• **EXERCISE DIRECTIONS**:
An exact restatement is required. Cover only the lines of the records from the first through the line with "An assault suspect", and skip pictures.

═══ DATA EXTRACT

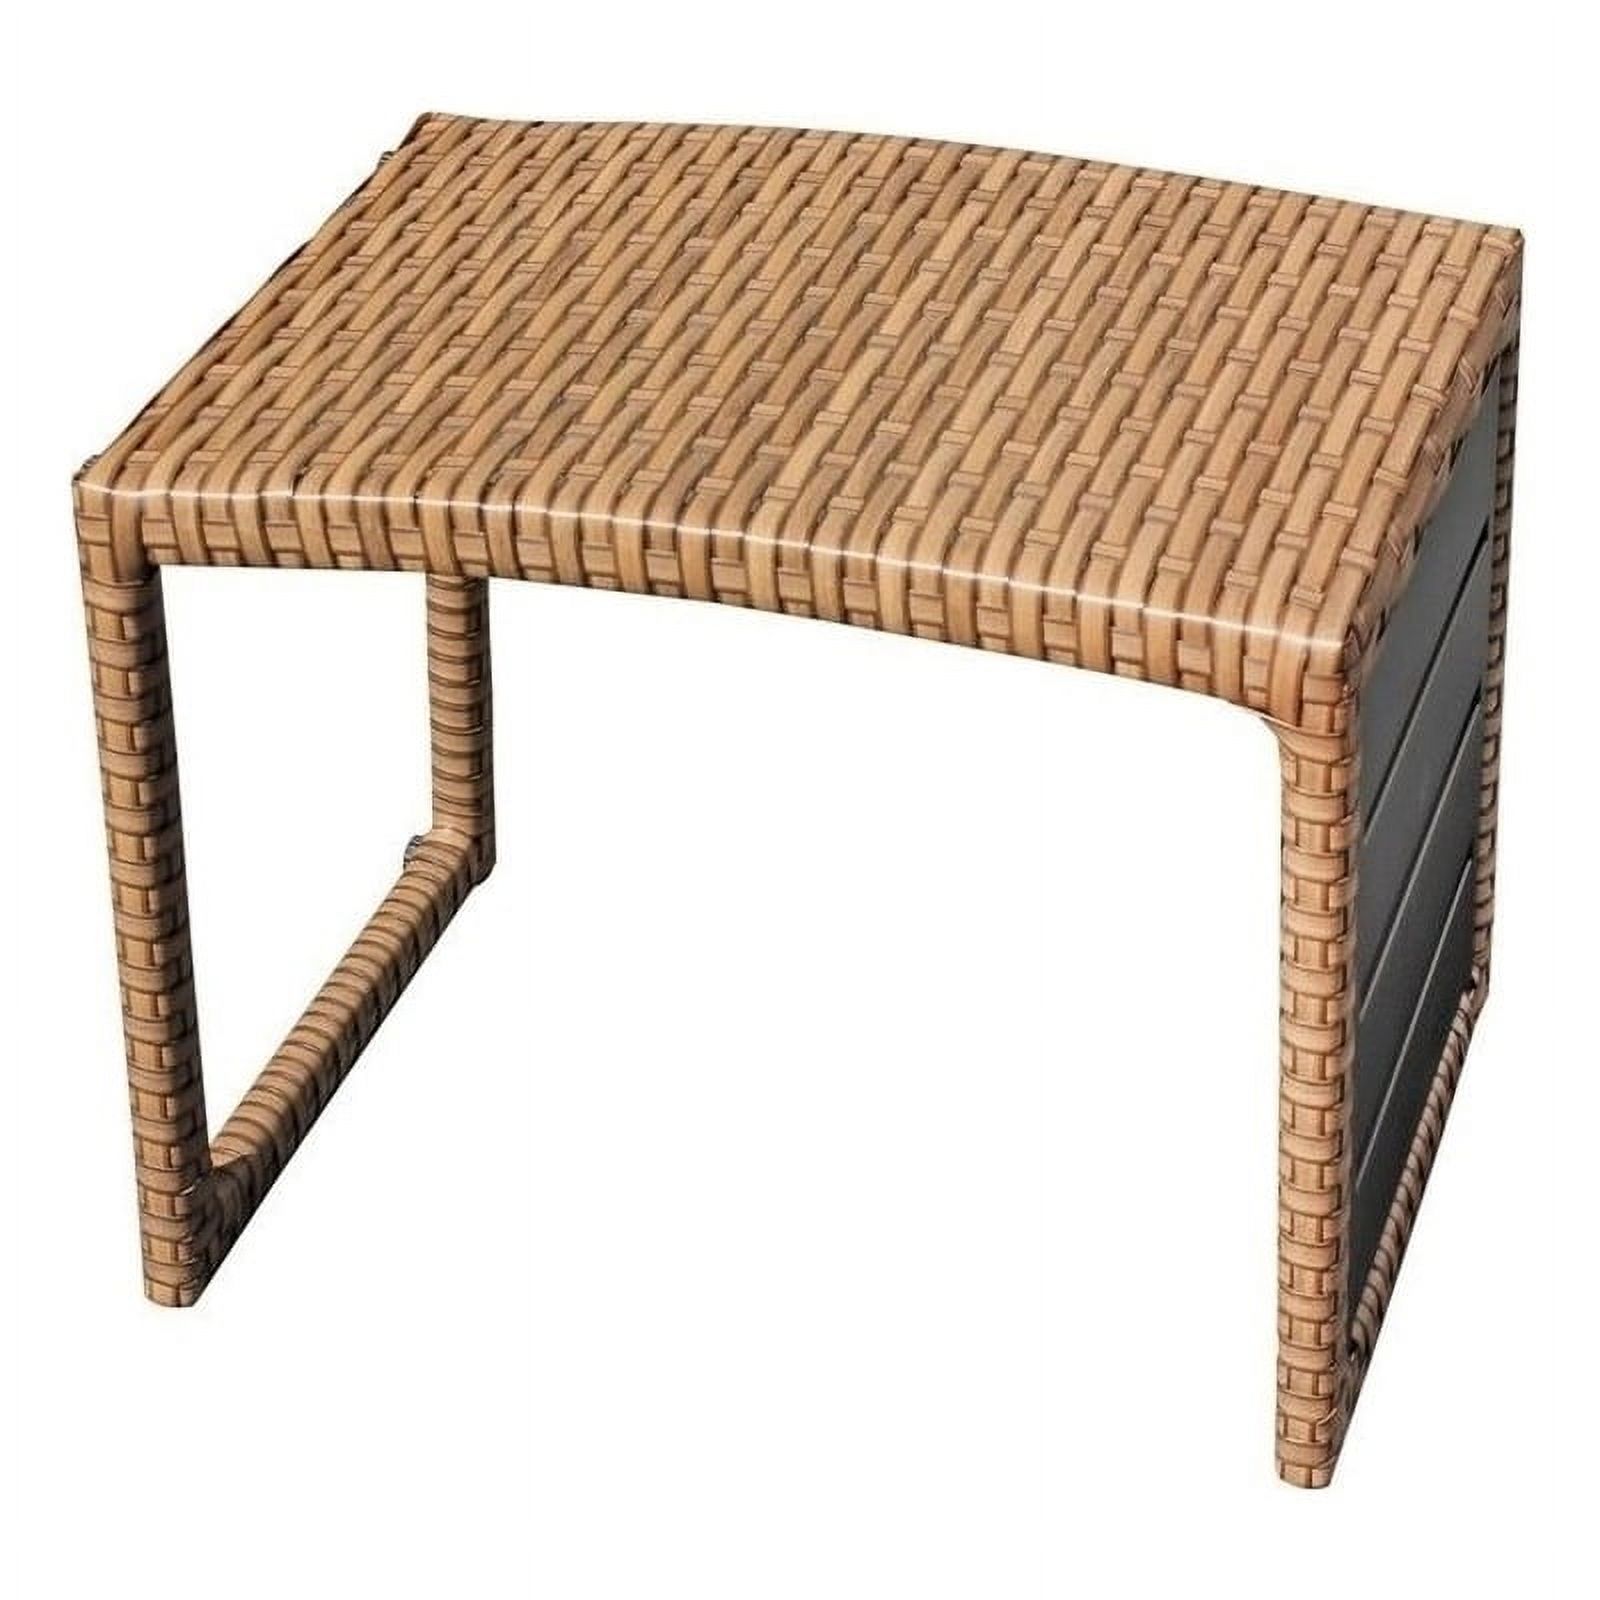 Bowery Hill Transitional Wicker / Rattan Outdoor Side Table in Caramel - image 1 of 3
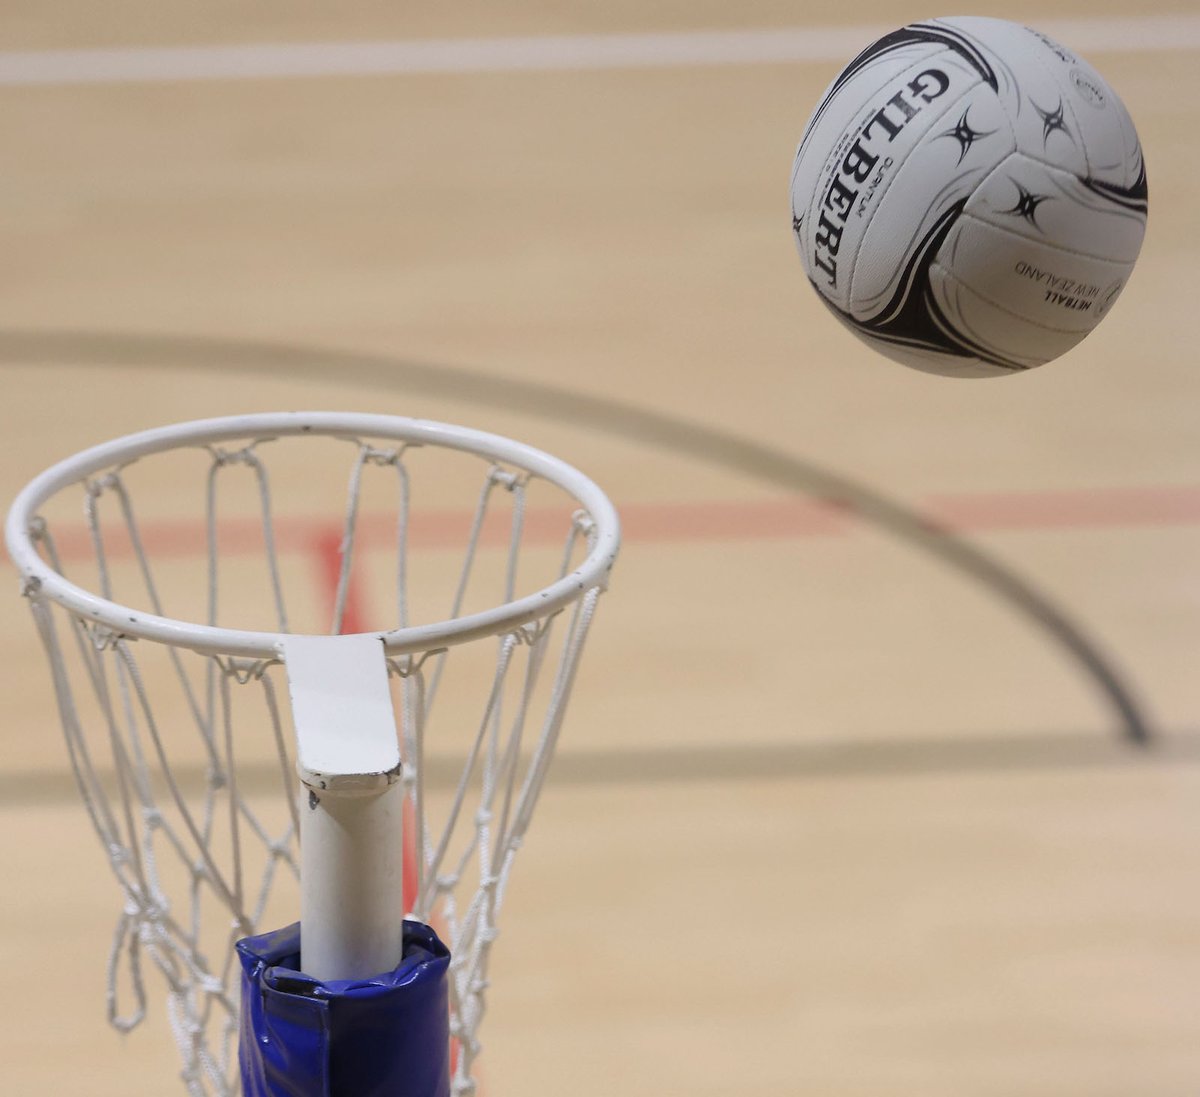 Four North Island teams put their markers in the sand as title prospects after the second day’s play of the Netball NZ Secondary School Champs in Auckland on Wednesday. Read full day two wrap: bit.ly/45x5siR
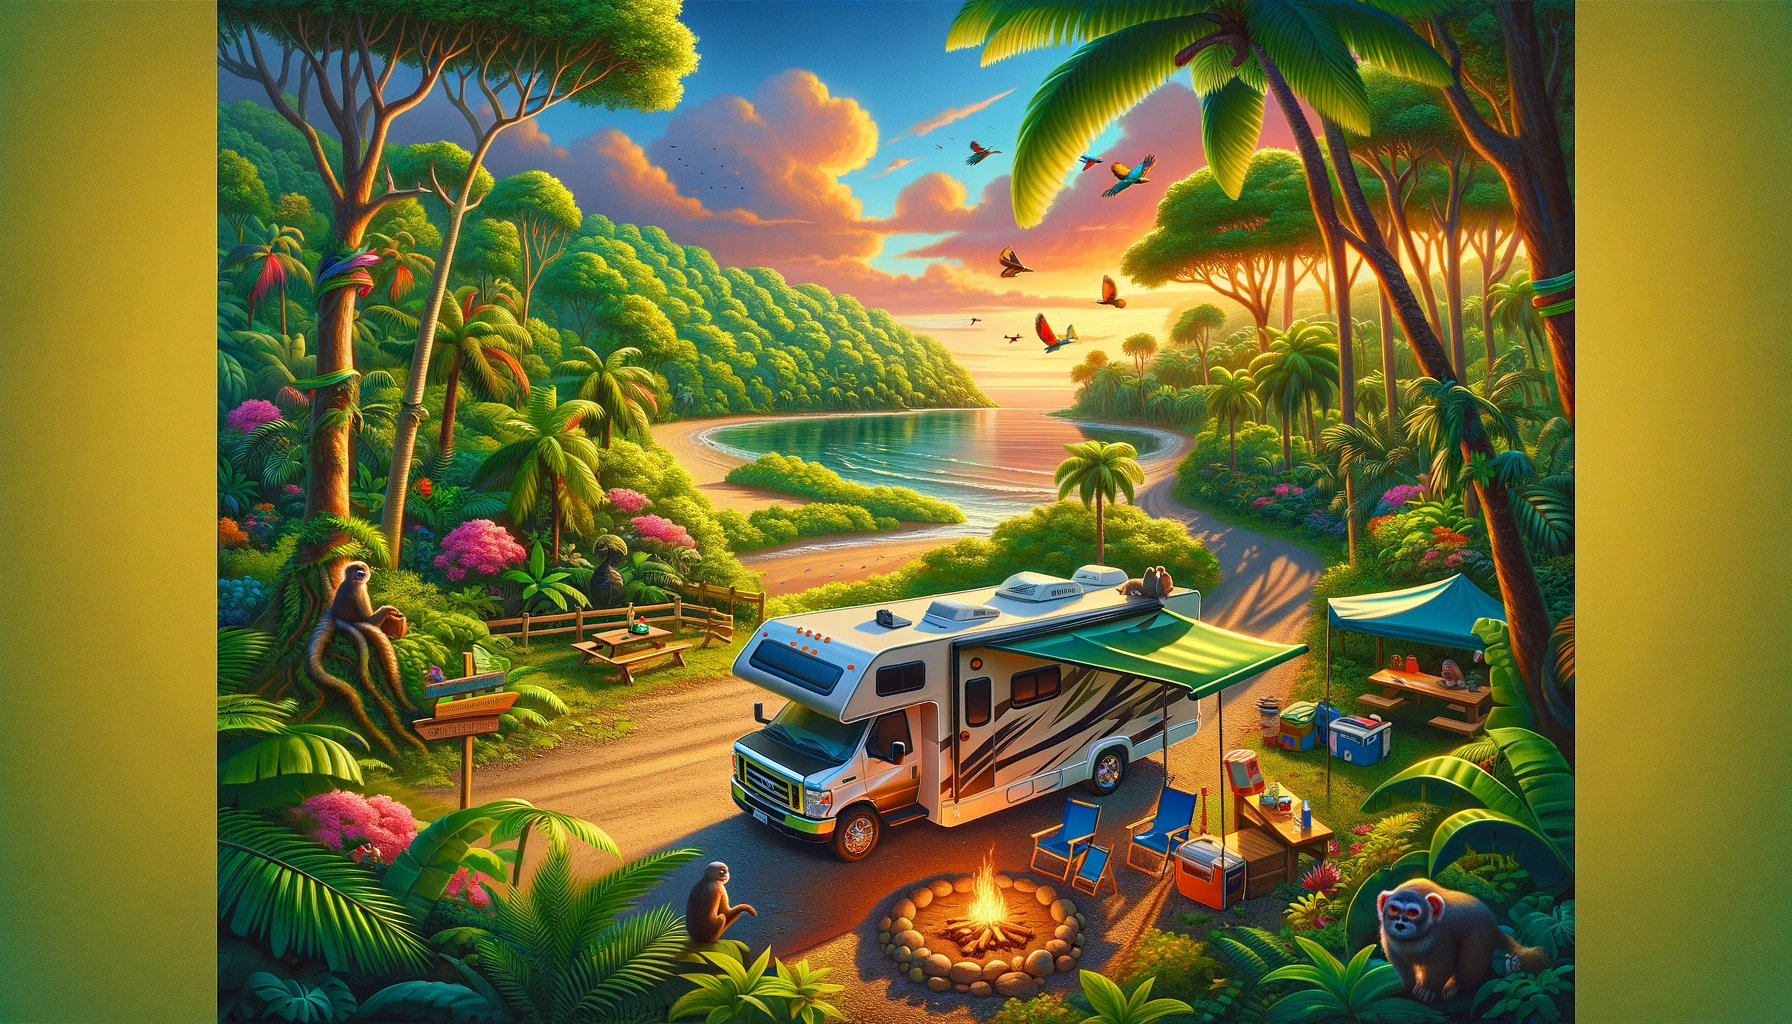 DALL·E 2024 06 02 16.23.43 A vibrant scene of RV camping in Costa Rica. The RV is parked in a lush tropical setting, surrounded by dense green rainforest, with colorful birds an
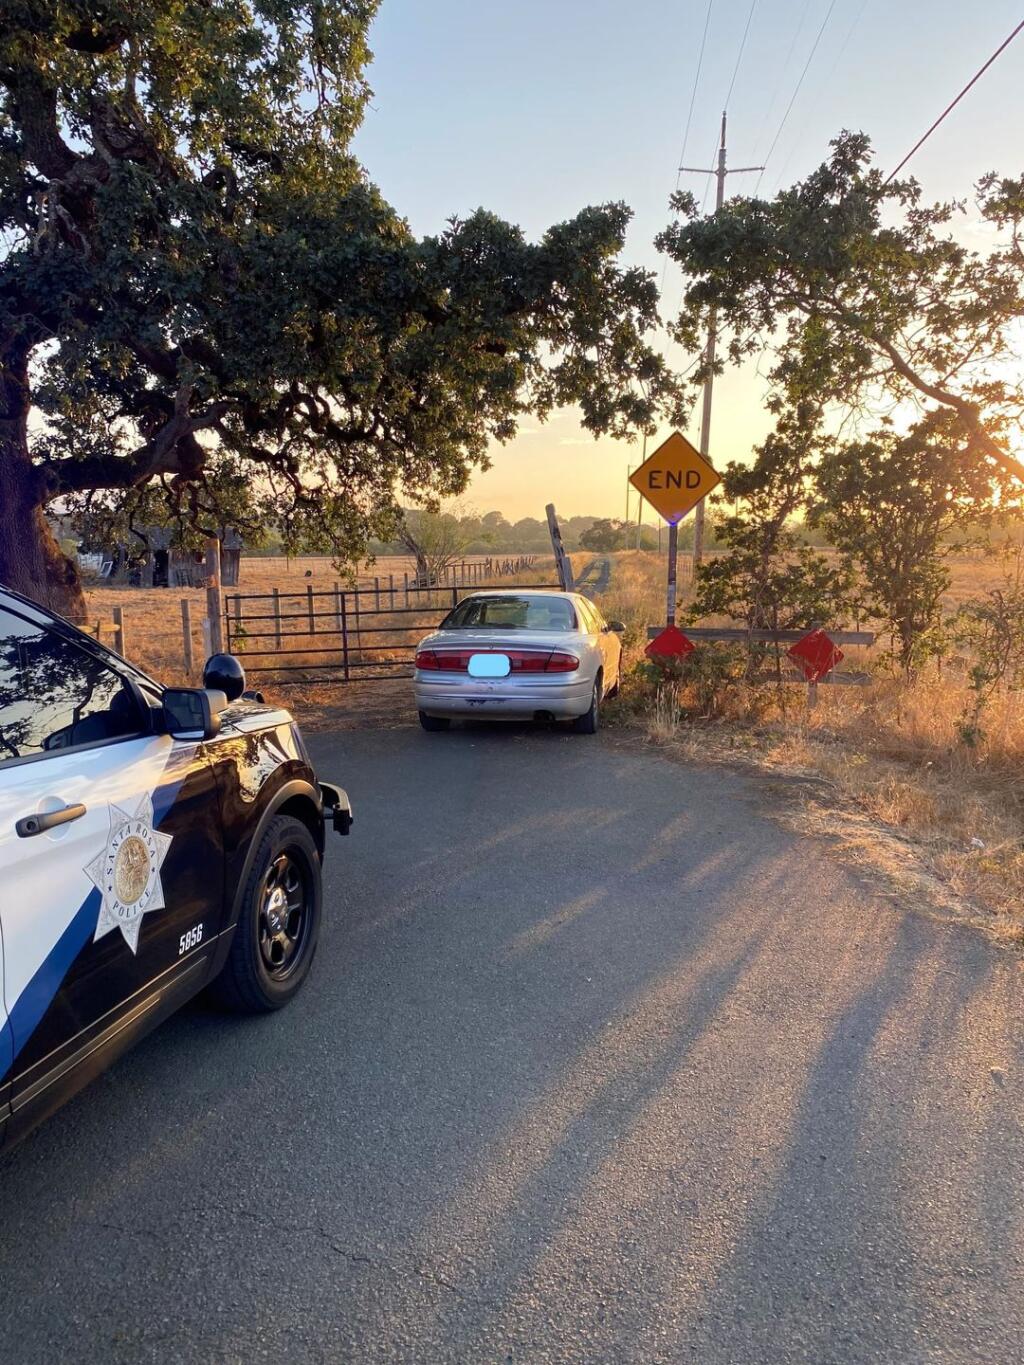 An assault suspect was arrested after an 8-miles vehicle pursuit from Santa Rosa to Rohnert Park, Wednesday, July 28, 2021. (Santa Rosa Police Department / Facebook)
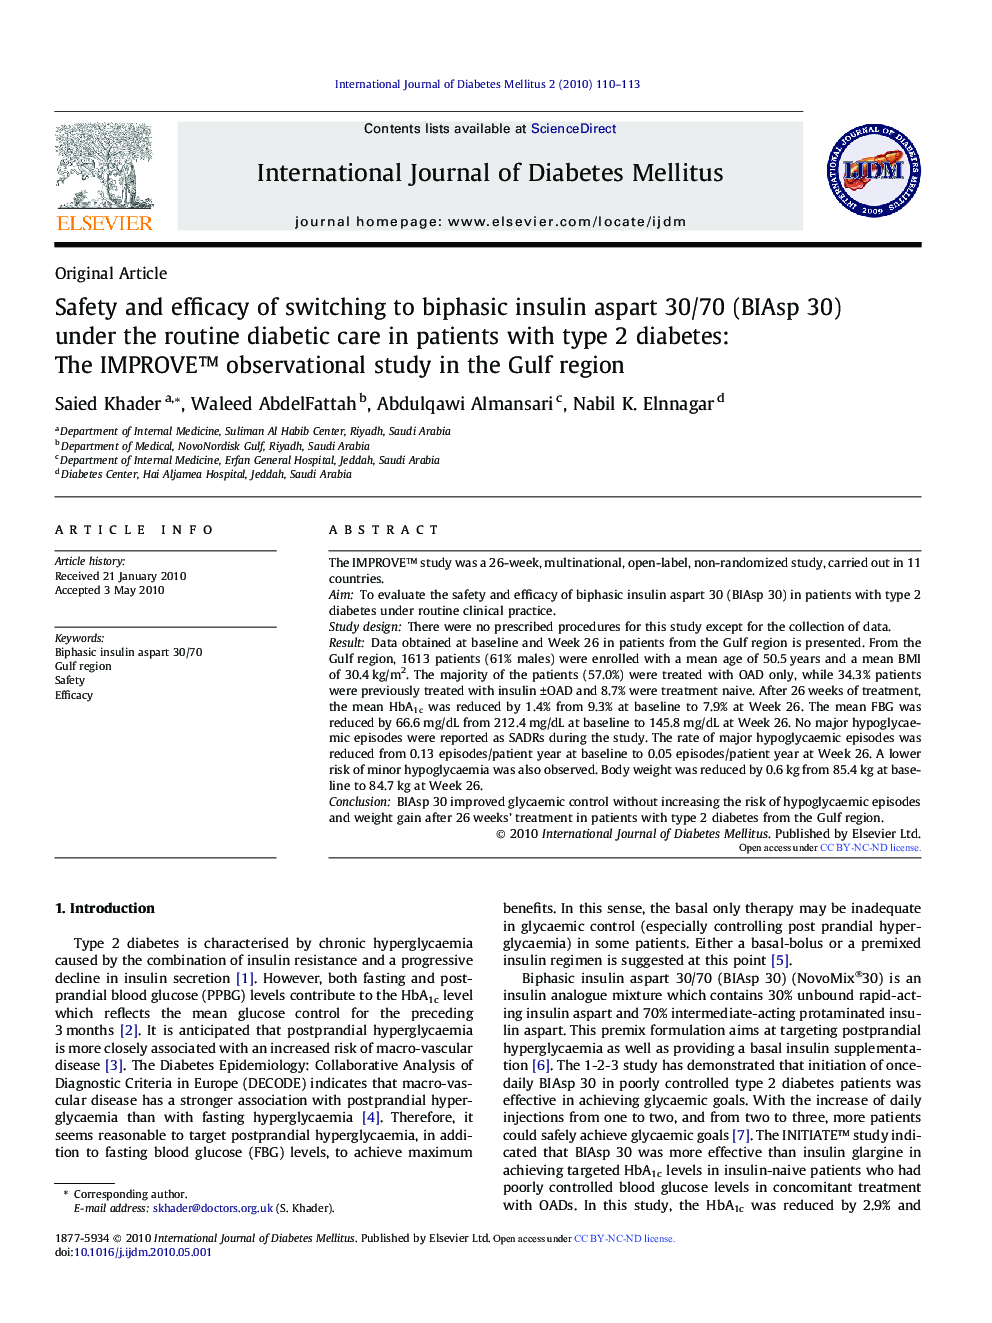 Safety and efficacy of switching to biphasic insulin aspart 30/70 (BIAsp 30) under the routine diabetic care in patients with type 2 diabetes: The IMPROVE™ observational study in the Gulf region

══════

• **SOLVED PROBLEM**:
 Bowery Hill Transitional Wicker / Rattan Outdoor Side Table in Caramel - image 1 of 3
 Four North Island teams put their markers in the sand as title prospects after the second day’s play of the Netball NZ Secondary School Champs in Auckland on Wednesday. Read full day two wrap: bit.ly/45x5siR
 DALL·E 2024 06 02 16.23.43 A vibrant scene of RV camping in Costa Rica. The RV is parked in a lush tropical setting, surrounded by dense green rainforest, with colorful birds an
 An assault suspect was arrested after an 8-miles vehicle pursuit from Santa Rosa to Rohnert Park, Wednesday, July 28, 2021. (Santa Rosa Police Department / Facebook)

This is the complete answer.